Recall Cheeger's inequality

\begin{equation}\label{version:1}
\frac{d-\lambda_2}{2} \leq h_G \leq \sqrt{2d(d-\lambda_2)}
\end{equation}

Here $G$ is a $d$-regular Graph and $h_G  = \text{min}_{S,|S| \leq \frac{|V|}{2}} \frac{E(S,\bar{S})}{|S|}$ denotes the edge-expansion of the graph.  Also $\lambda_2 = \text{max}_{x \perp \bar{1}} \frac{x^TAx}{x^Tx}$ denotes the Fiedler value of the graph (least non-zero eigenvalue of the adjacency matrix of the graph) and $\bar{1}$ denotes the all ones vector.
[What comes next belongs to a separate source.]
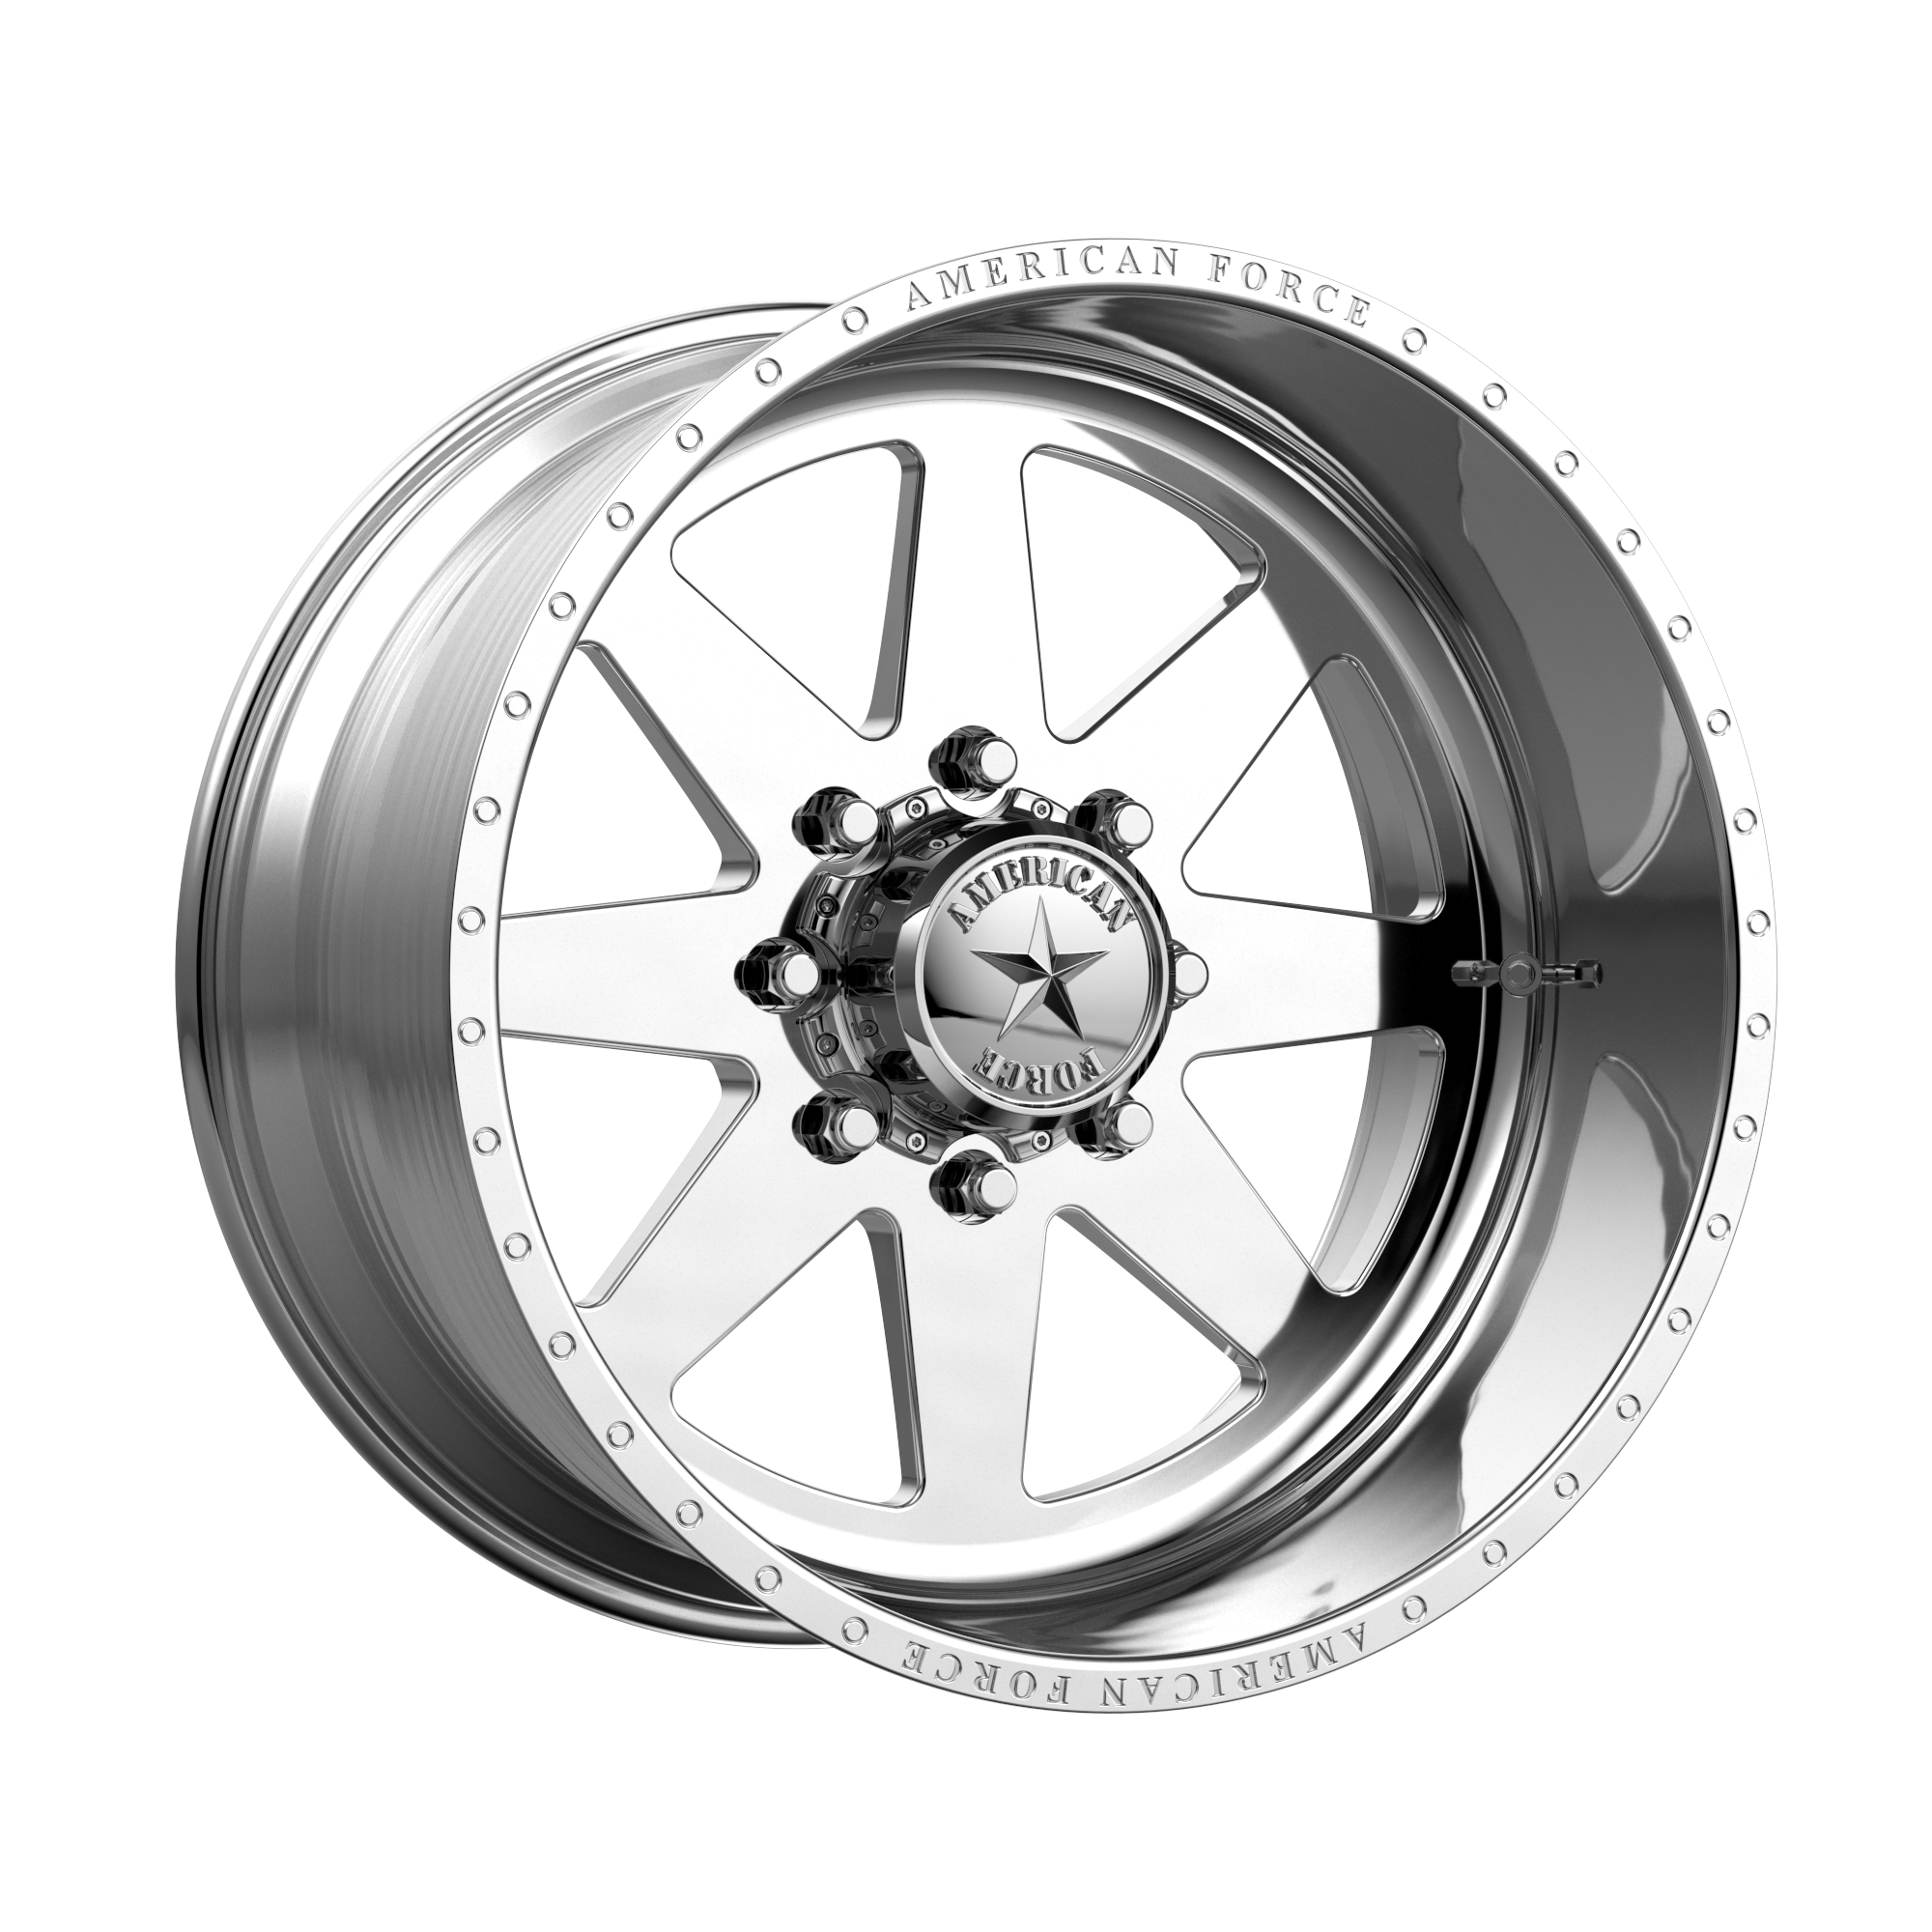 AMERICAN FORCE AFW 11 INDEPENDENCE SS POLISHED WHEELS | 26X16 | 8X180 | OFFSET: -101MM | CB: 124.2MM

Alternate form of Cheeger's inequality which holds for all connected graphs $G$\cite{Chung} 
\begin{equation}\label{version:chung}
2h_G \geq \lambda_G \geq \alpha_G \geq h^2_G/2
\end{equation}

where $G$ is any graph, $h_G$ is the Cheeger constant for the graph defined as $h_G = \text{min}_{S,\text{Vol}(S) \leq \text{Vol}(V)/2} \frac{\partial S}{\text{Vol}(S)}$ \footnote{Vol$(S) = \sum_{i \in S}d_i$}, $\lambda_G$ denotes Fiedler value of the graph Laplacian (i.e. second largest eigenvalue of the graph laplacian) and $\alpha_G$ represents minimum value among all Cheeger ratios of initial segments of vertices when all vertices are arranged in a line using the eigen-vector associated with $\lambda_2$. 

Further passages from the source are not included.